EXERCISE DATA:
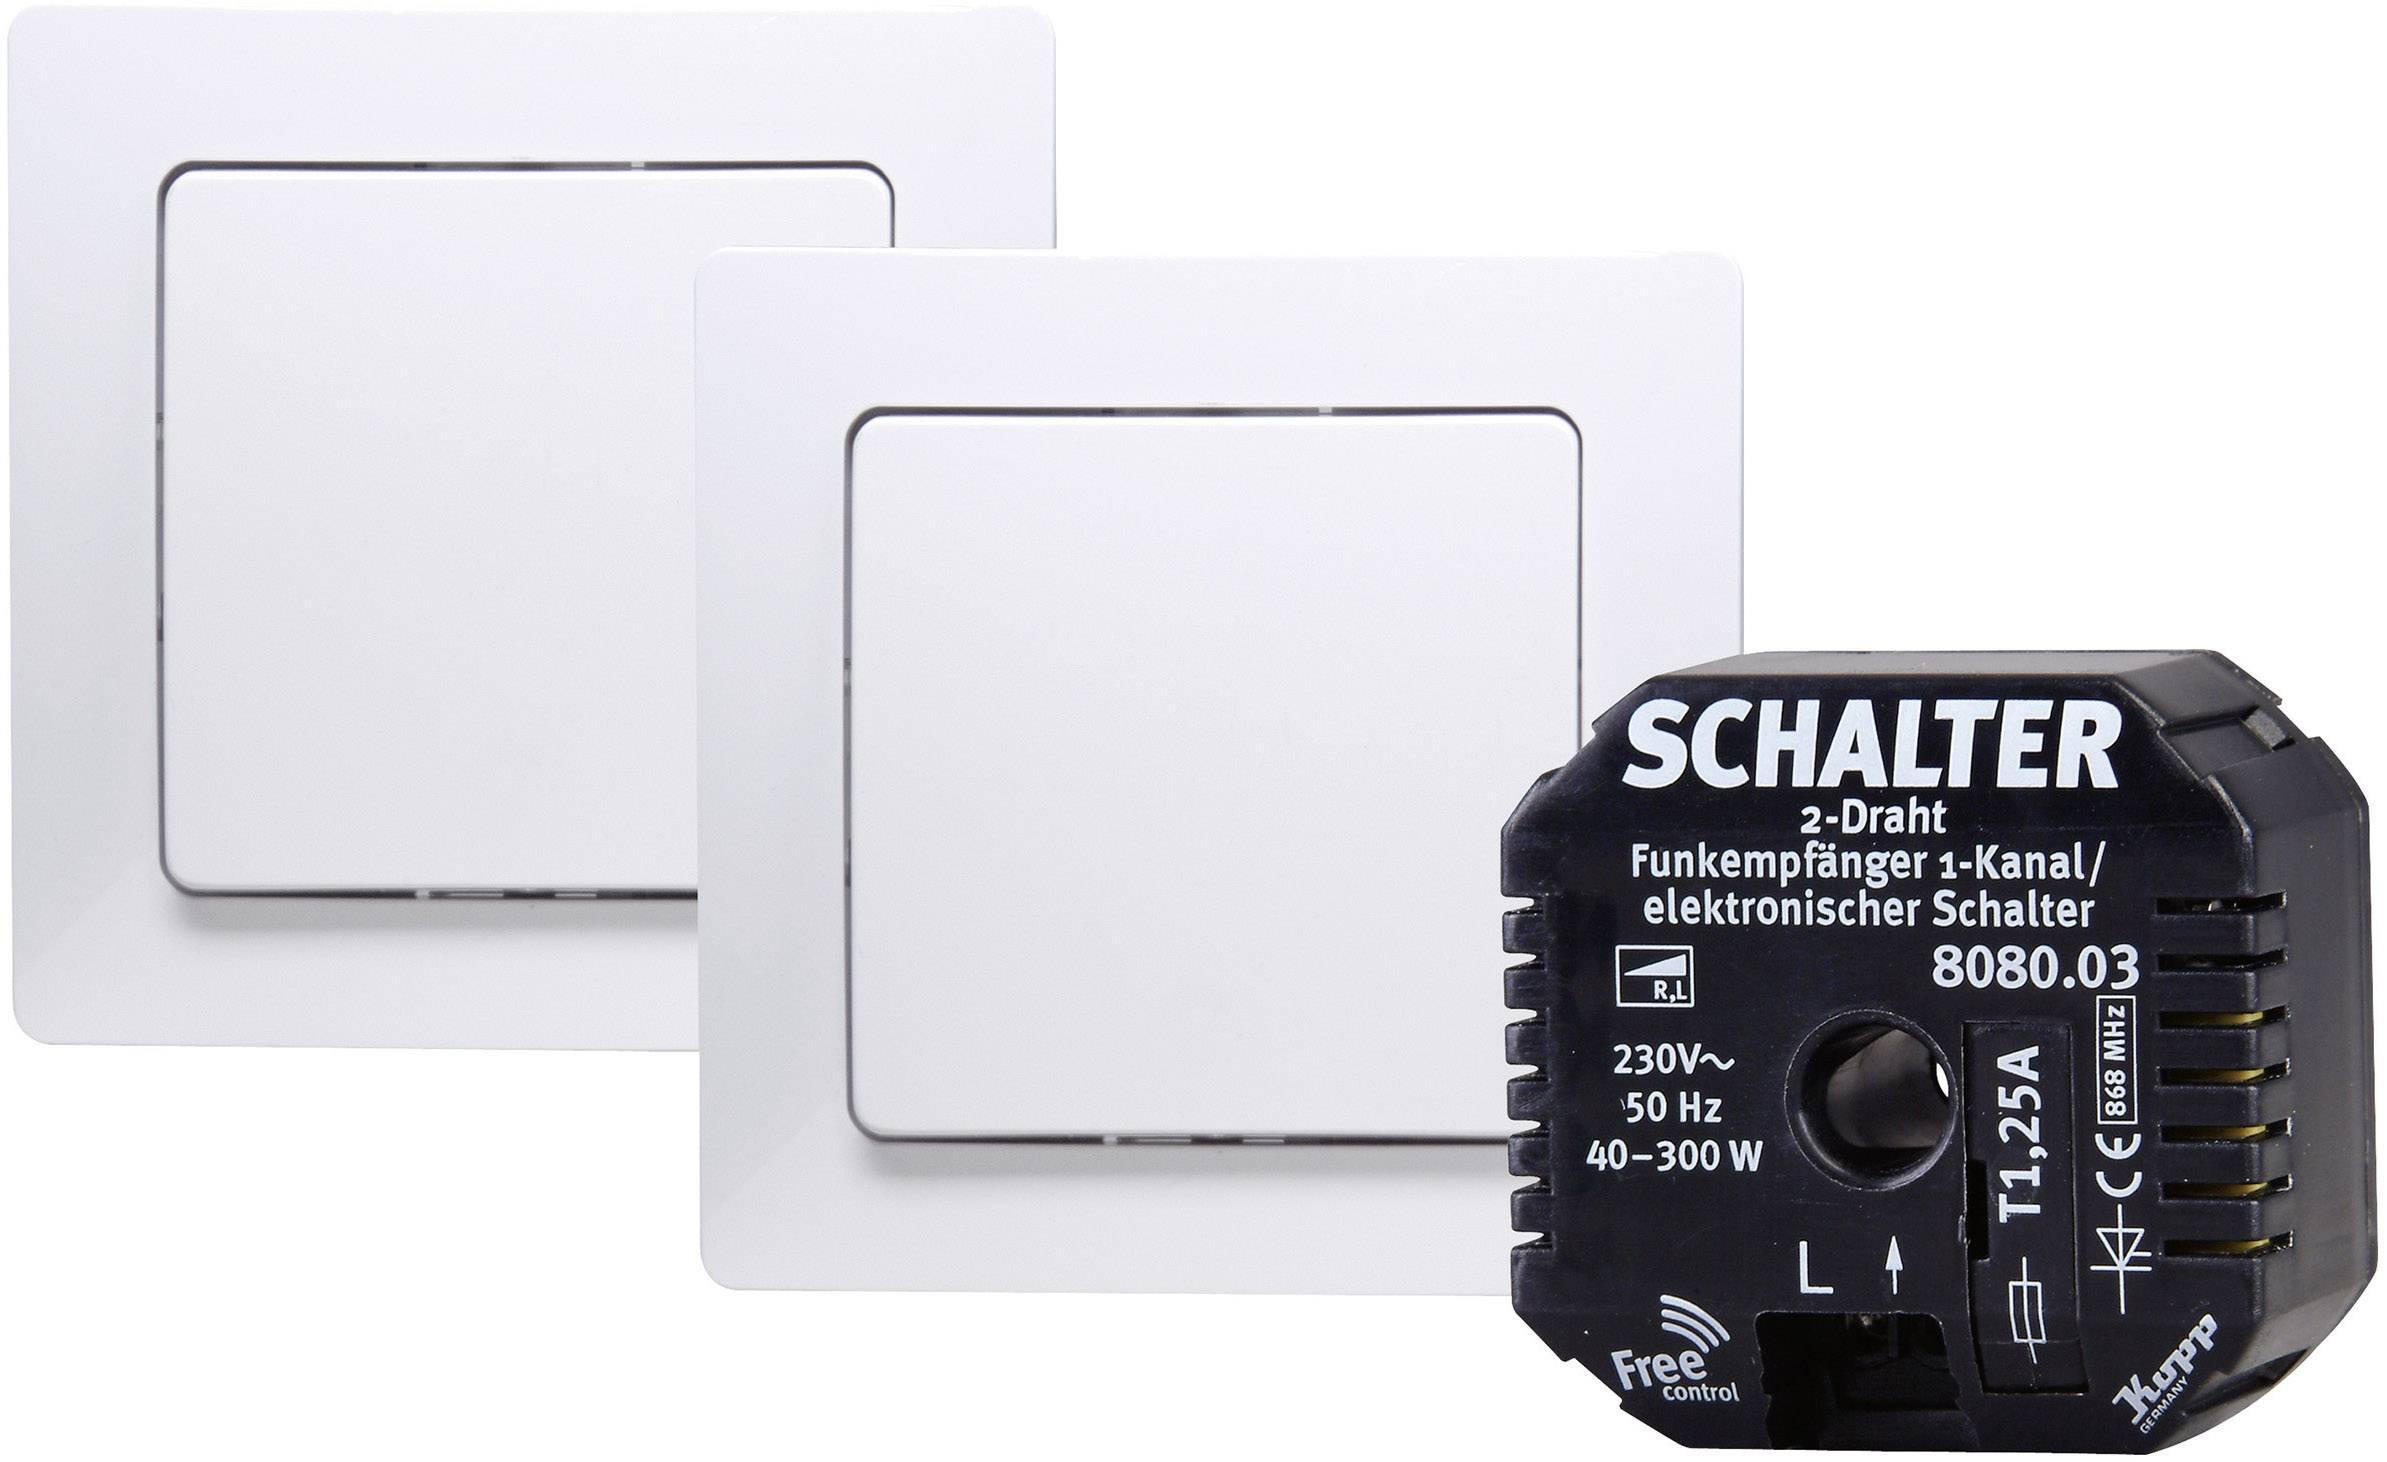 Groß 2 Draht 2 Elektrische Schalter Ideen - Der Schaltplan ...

---

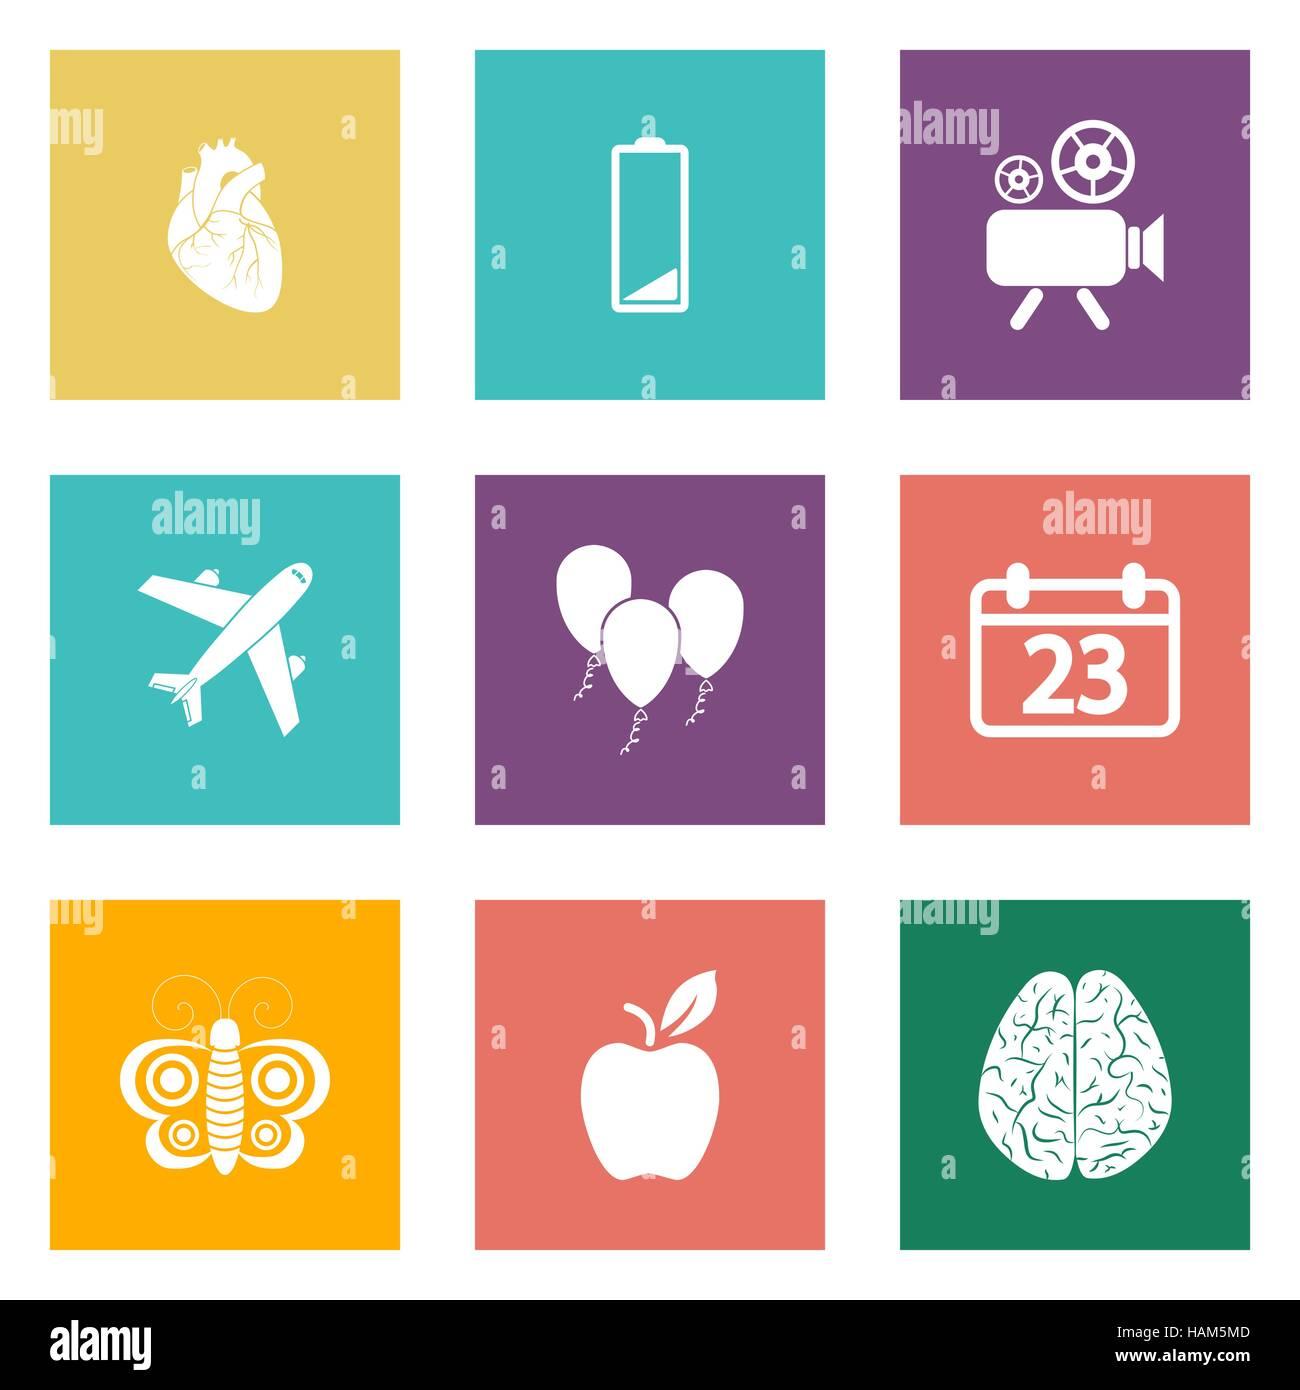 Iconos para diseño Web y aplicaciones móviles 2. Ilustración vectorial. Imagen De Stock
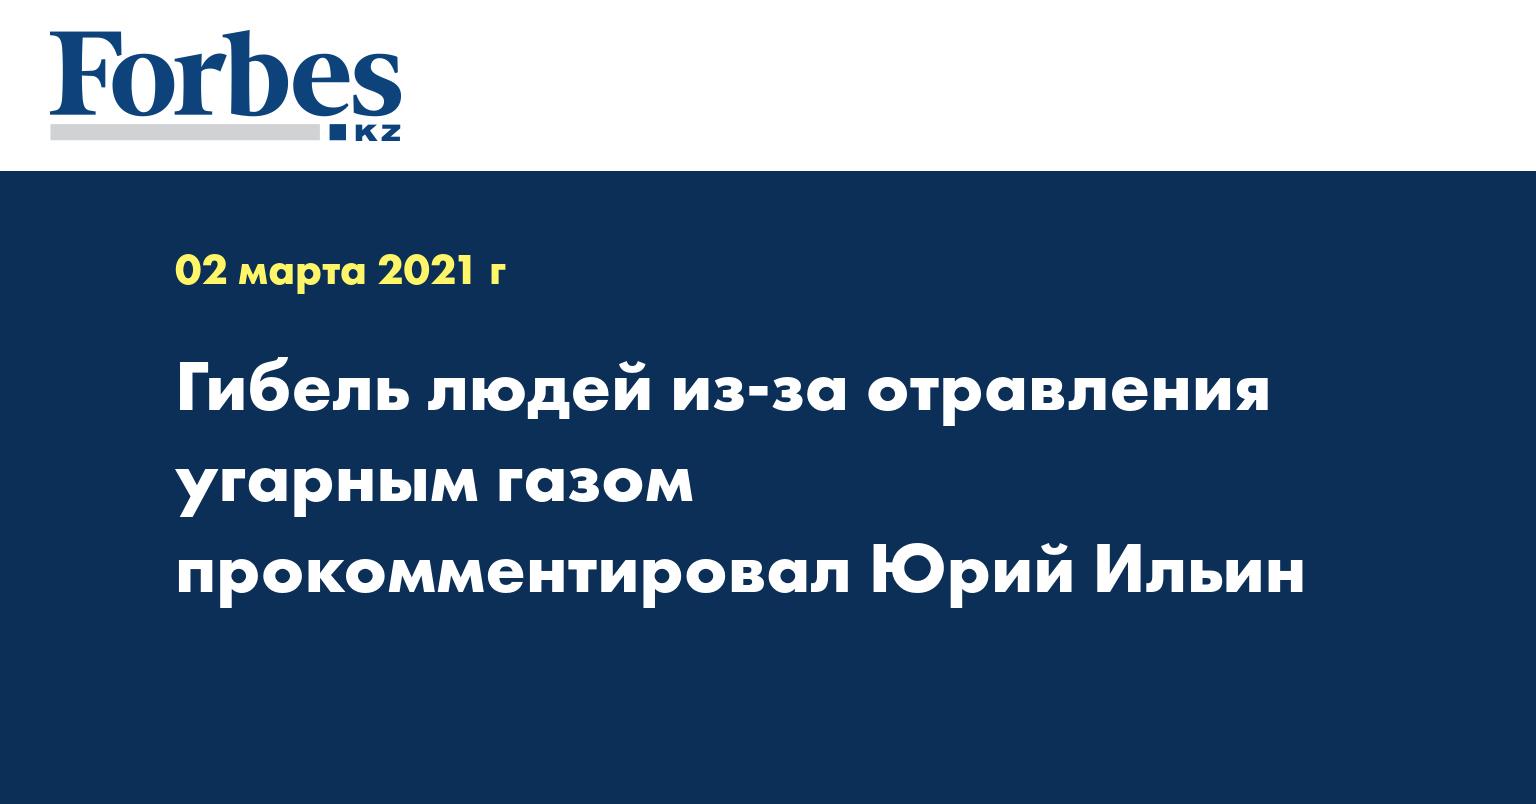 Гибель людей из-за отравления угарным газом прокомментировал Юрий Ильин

TASK GOAL: With pictures excluded, reproduce exactly the lines above from the one containing "Iconos para diseño" down to the one containing "Гибель людей из-за", those two included.

ANSWER BELOW:
 Iconos para diseño Web y aplicaciones móviles 2. Ilustración vectorial. Imagen De Stock
 Гибель людей из-за отравления угарным газом прокомментировал Юрий Ильин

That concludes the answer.